» **WHAT TO DO**
The material below holds the lines to copy: from the one with "How do you go about sanding the lawn?" up to and including the one with "A view across". Copy them exactly and skip the pictures.

» **RECORDS PROVIDED**
_ _ _ _ _
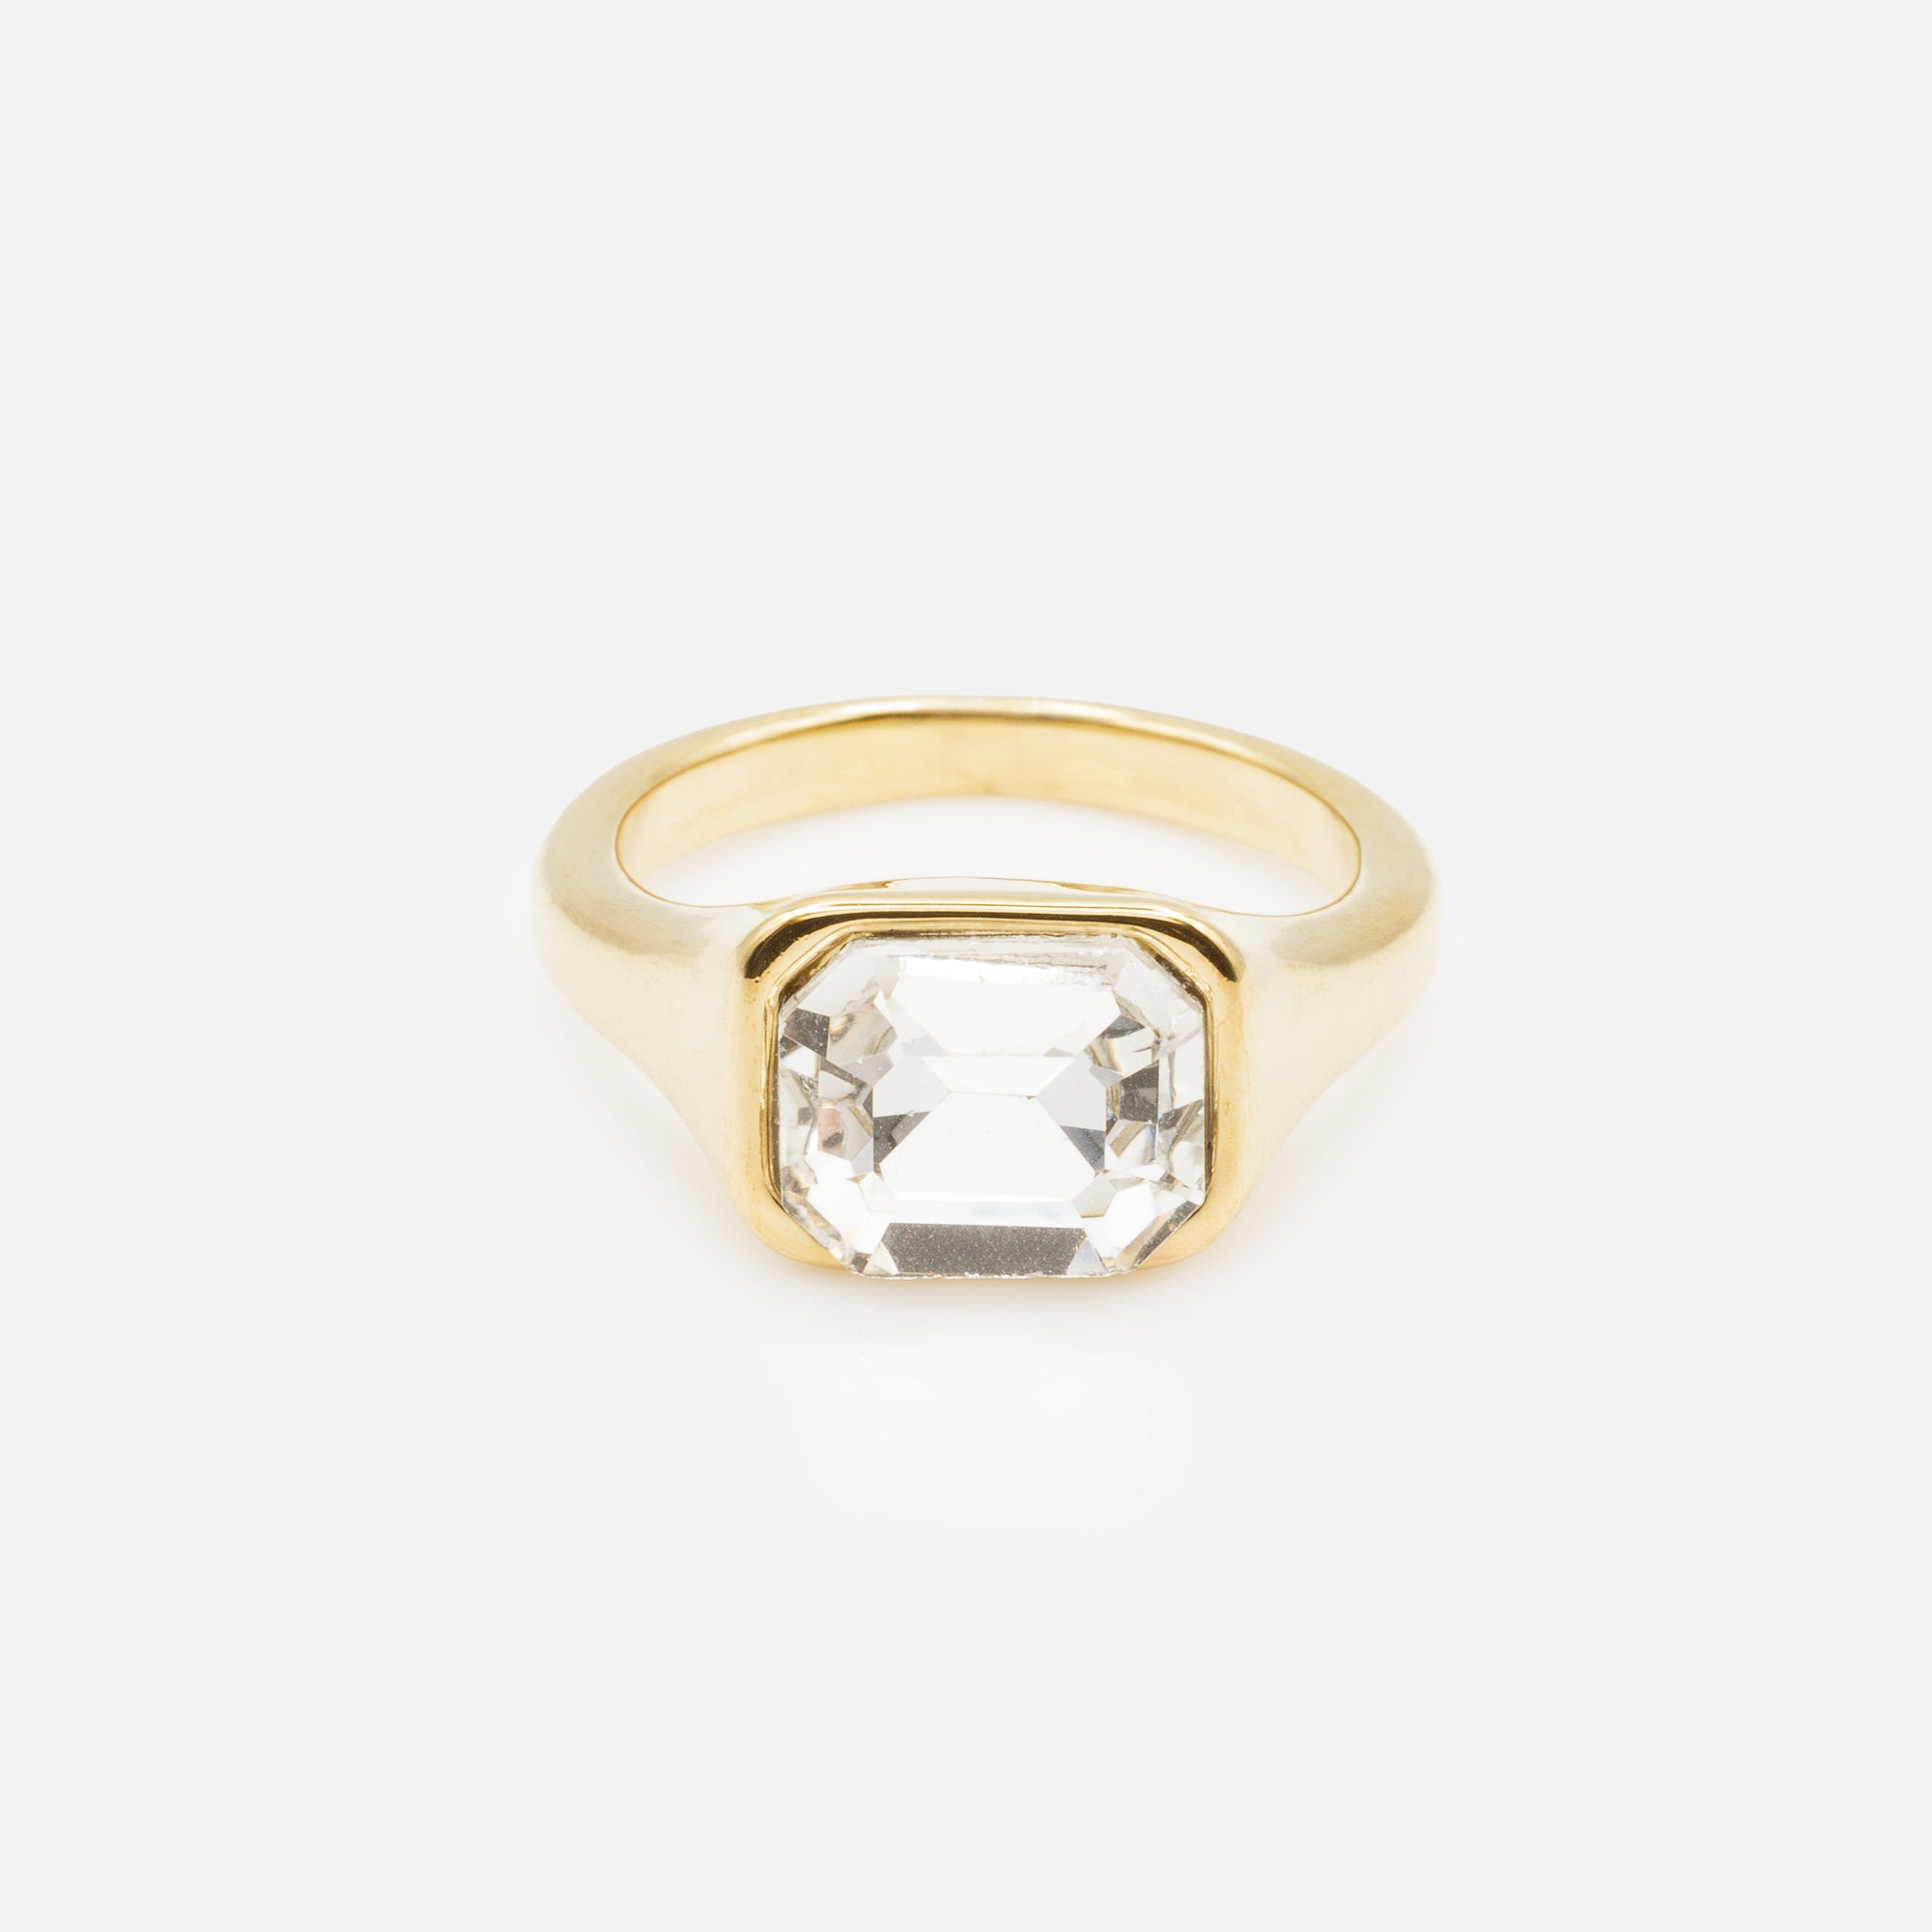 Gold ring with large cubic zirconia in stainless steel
_ _ _ _ _
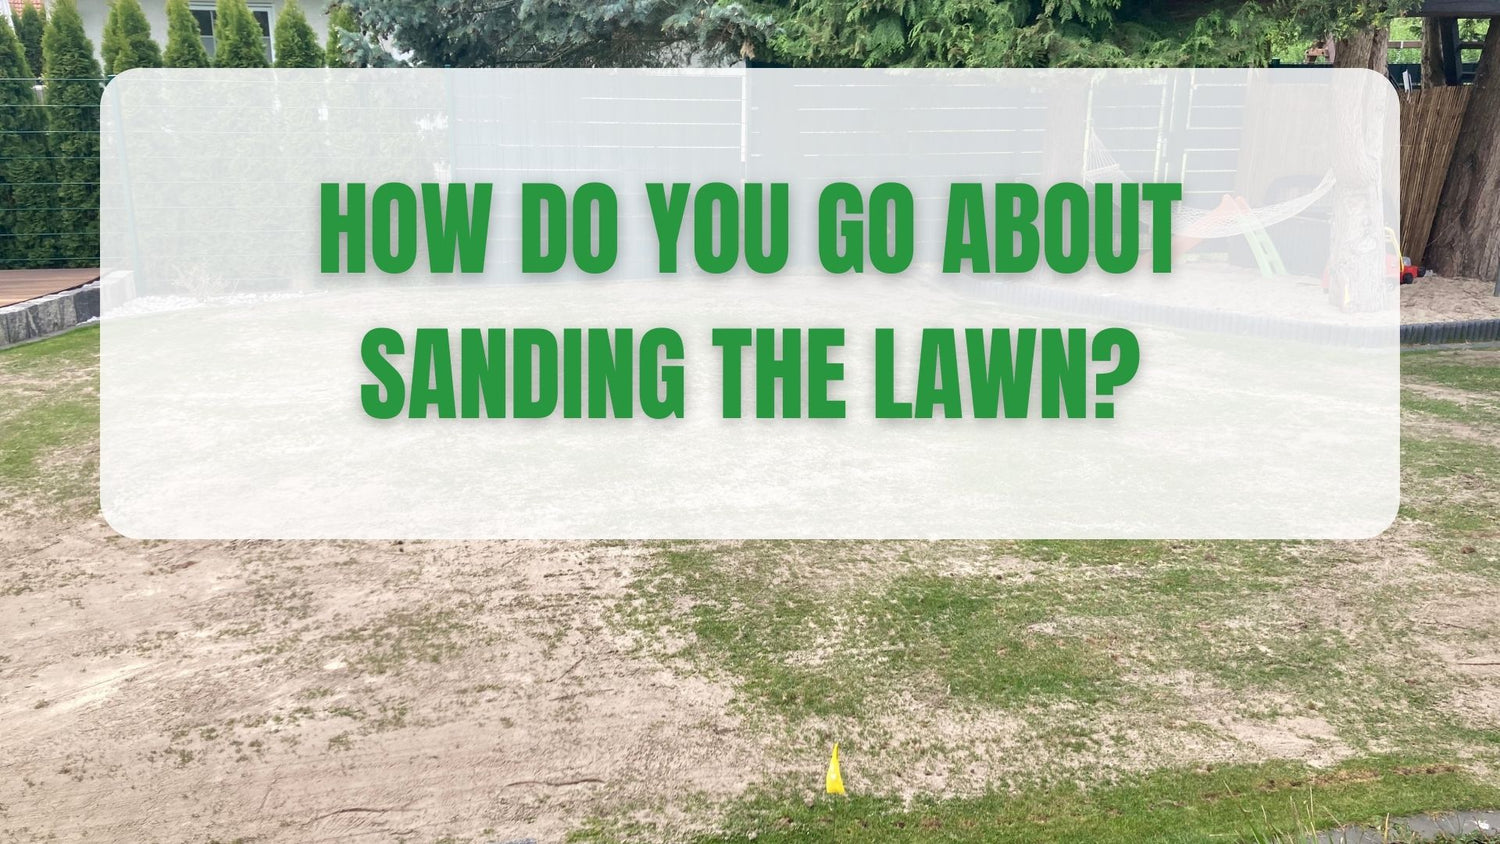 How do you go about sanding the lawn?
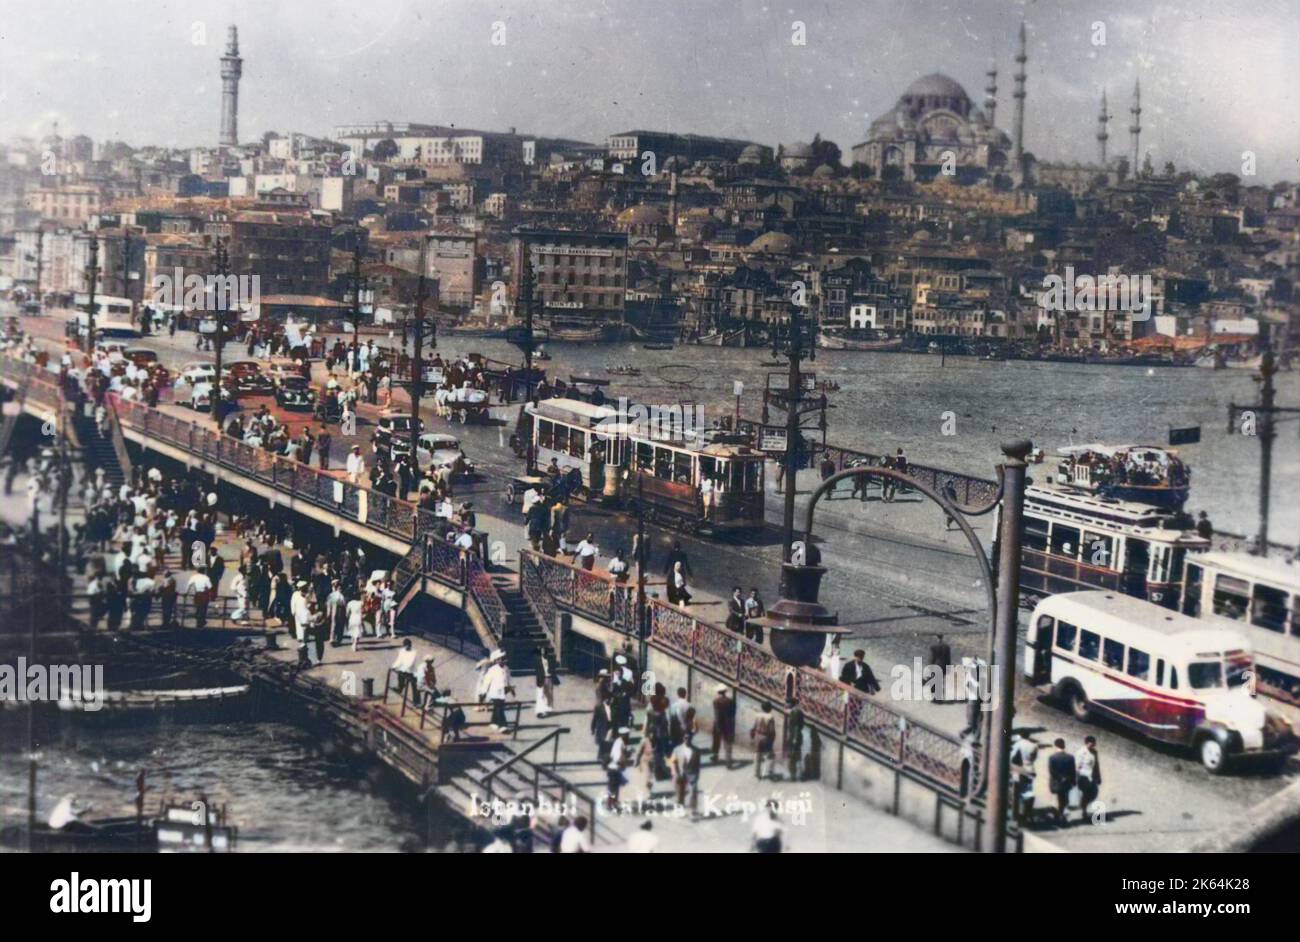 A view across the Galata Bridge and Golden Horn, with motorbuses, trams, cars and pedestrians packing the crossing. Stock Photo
_ _ _ _ _
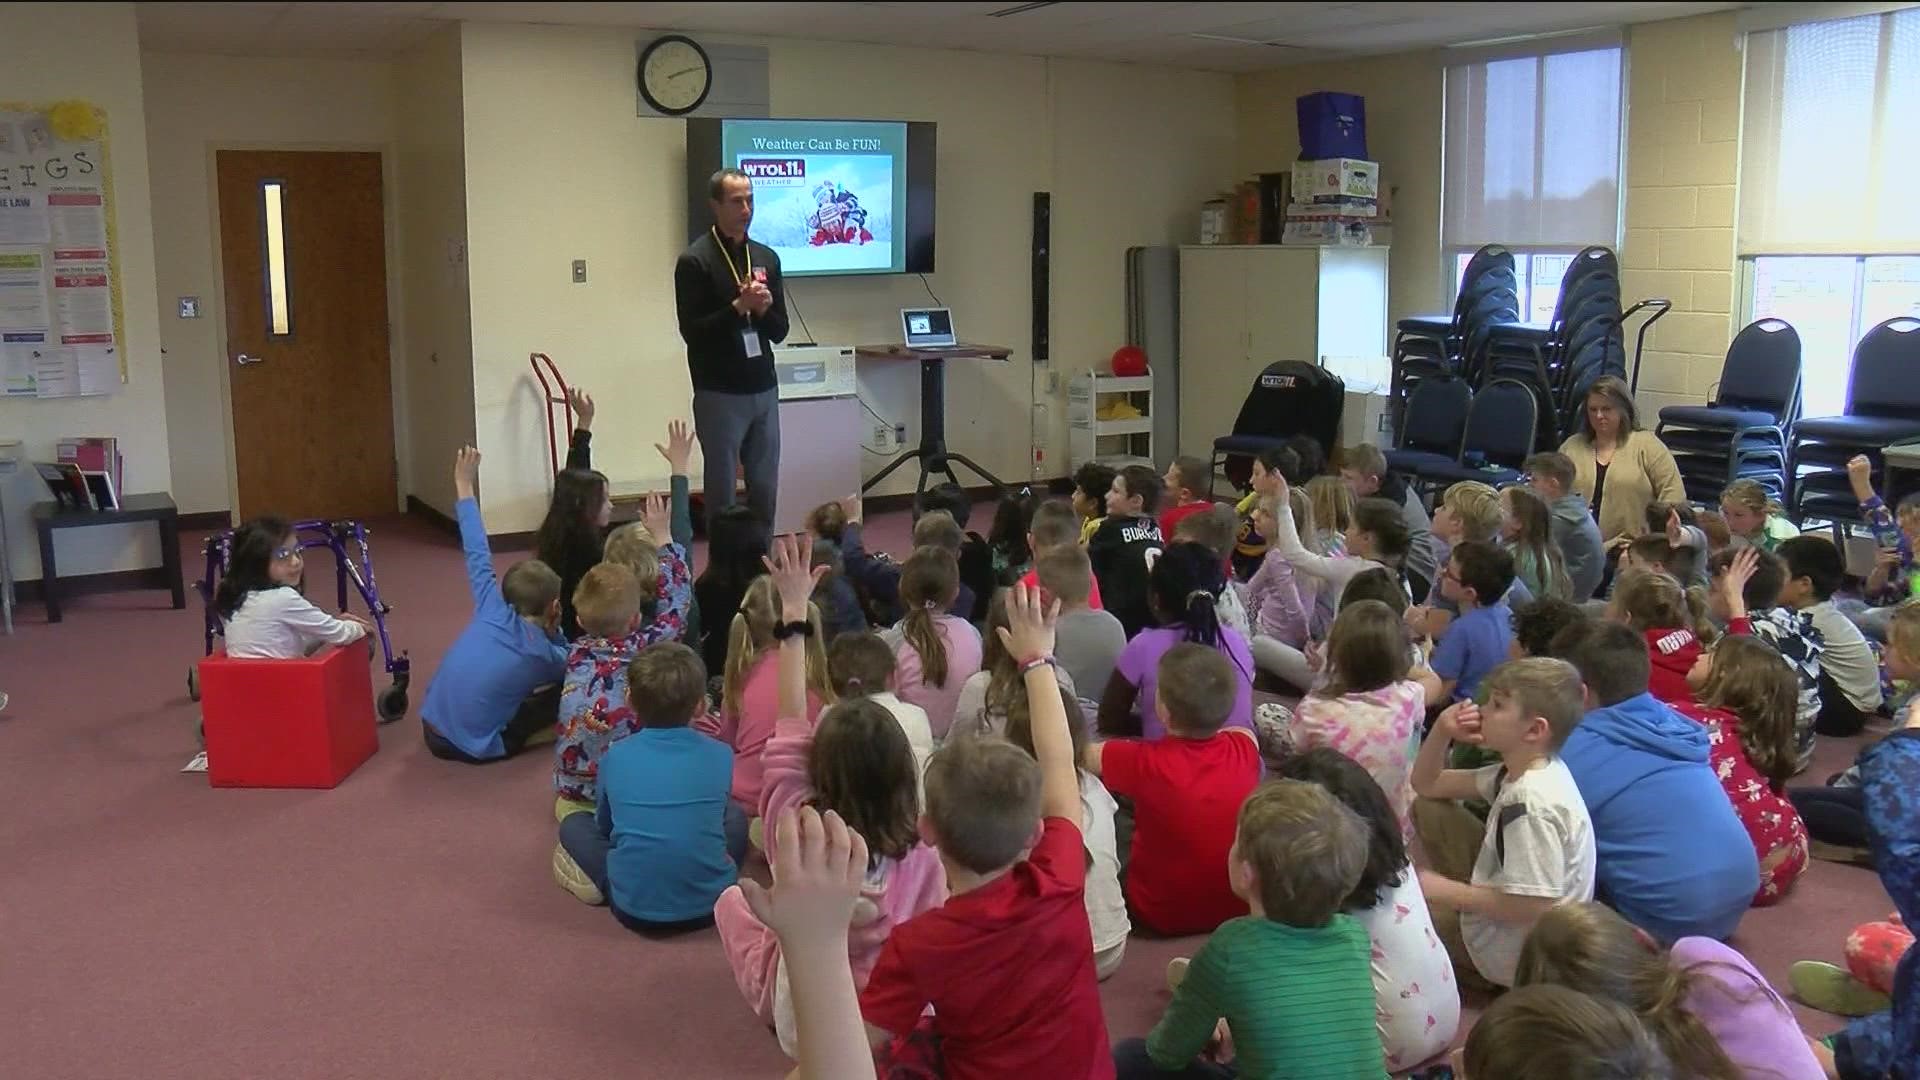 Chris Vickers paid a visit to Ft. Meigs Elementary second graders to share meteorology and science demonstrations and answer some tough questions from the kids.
_ _ _ _ _
» **ANSWER TO THE EXERCISE**
 How do you go about sanding the lawn?
 A view across the Galata Bridge and Golden Horn, with motorbuses, trams, cars and pedestrians packing the crossing. Stock Photo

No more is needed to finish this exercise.